◆ **Work request**: The data that follows is to be copied exactly, with each image removed.

◆ **Recorded data**:
○ ○ ○ ○
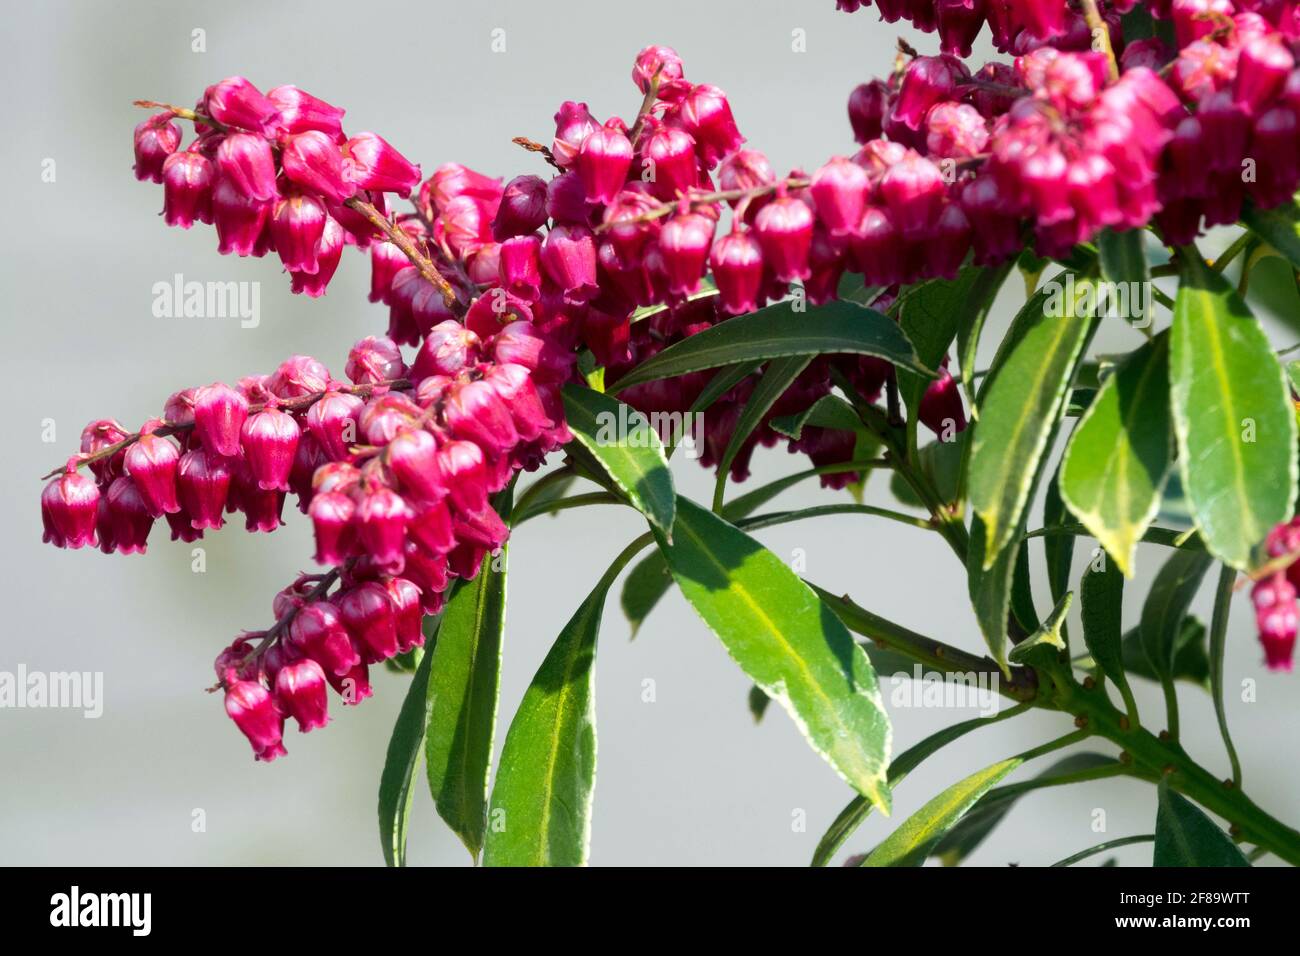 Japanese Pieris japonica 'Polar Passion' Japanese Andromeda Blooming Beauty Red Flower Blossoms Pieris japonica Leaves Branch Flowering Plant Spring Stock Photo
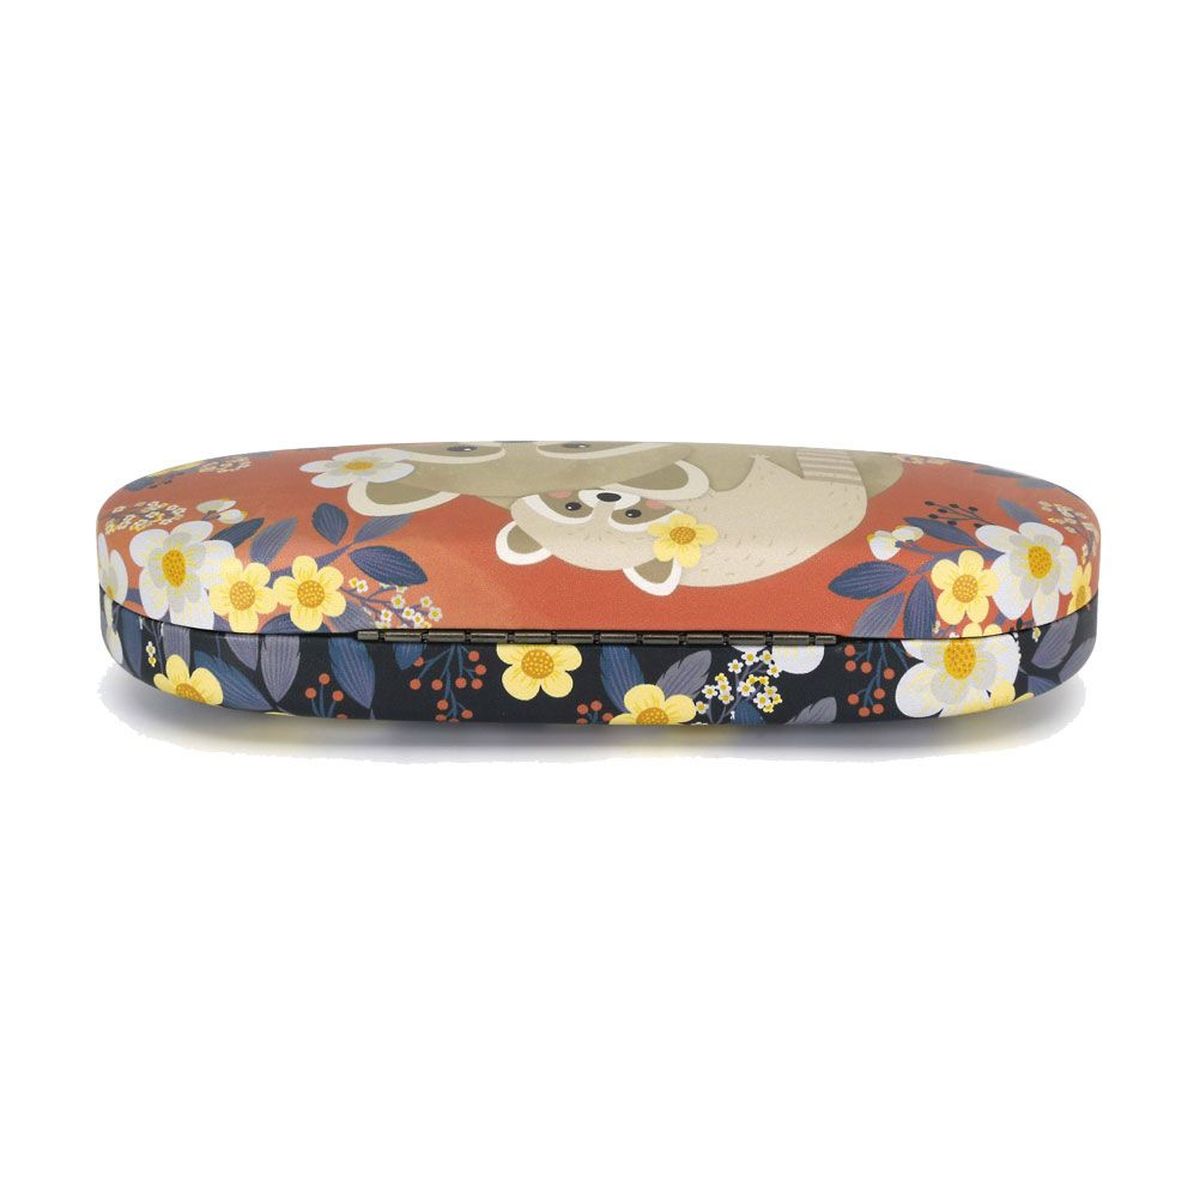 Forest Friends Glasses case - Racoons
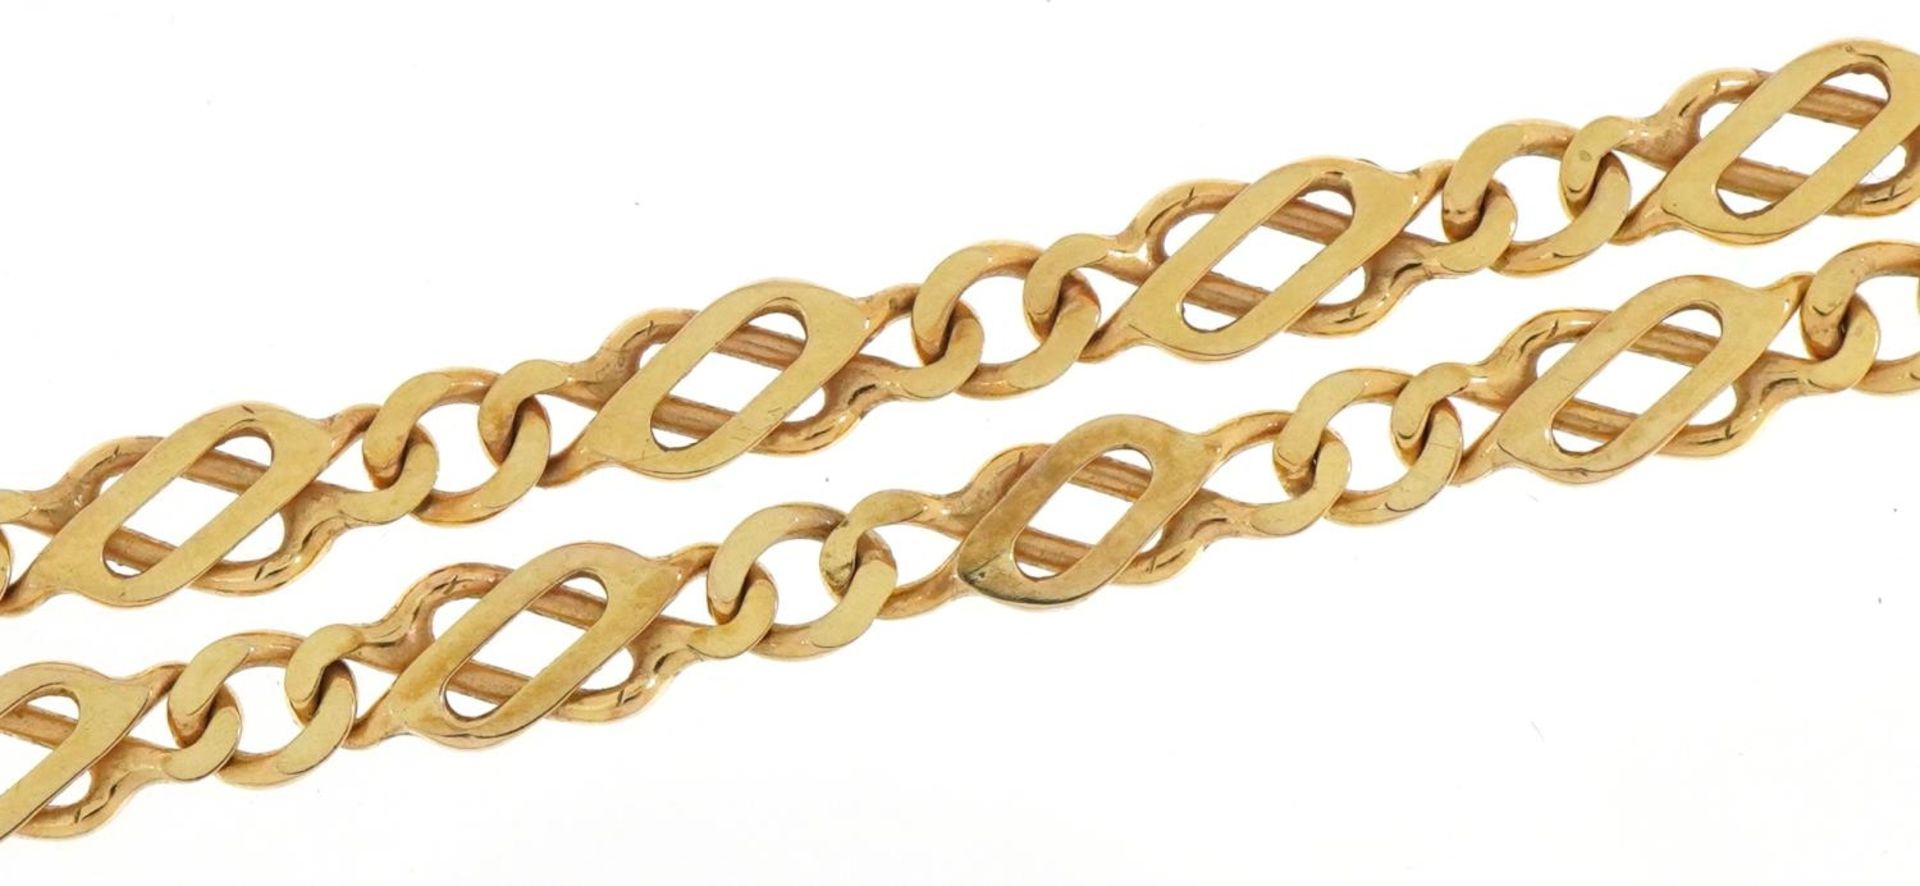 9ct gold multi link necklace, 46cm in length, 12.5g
○ ○ ○ ○
◆ **Response**:
 Japanese Pieris japonica 'Polar Passion' Japanese Andromeda Blooming Beauty Red Flower Blossoms Pieris japonica Leaves Branch Flowering Plant Spring Stock Photo
 Forest Friends Glasses case - Racoons
 9ct gold multi link necklace, 46cm in length, 12.5g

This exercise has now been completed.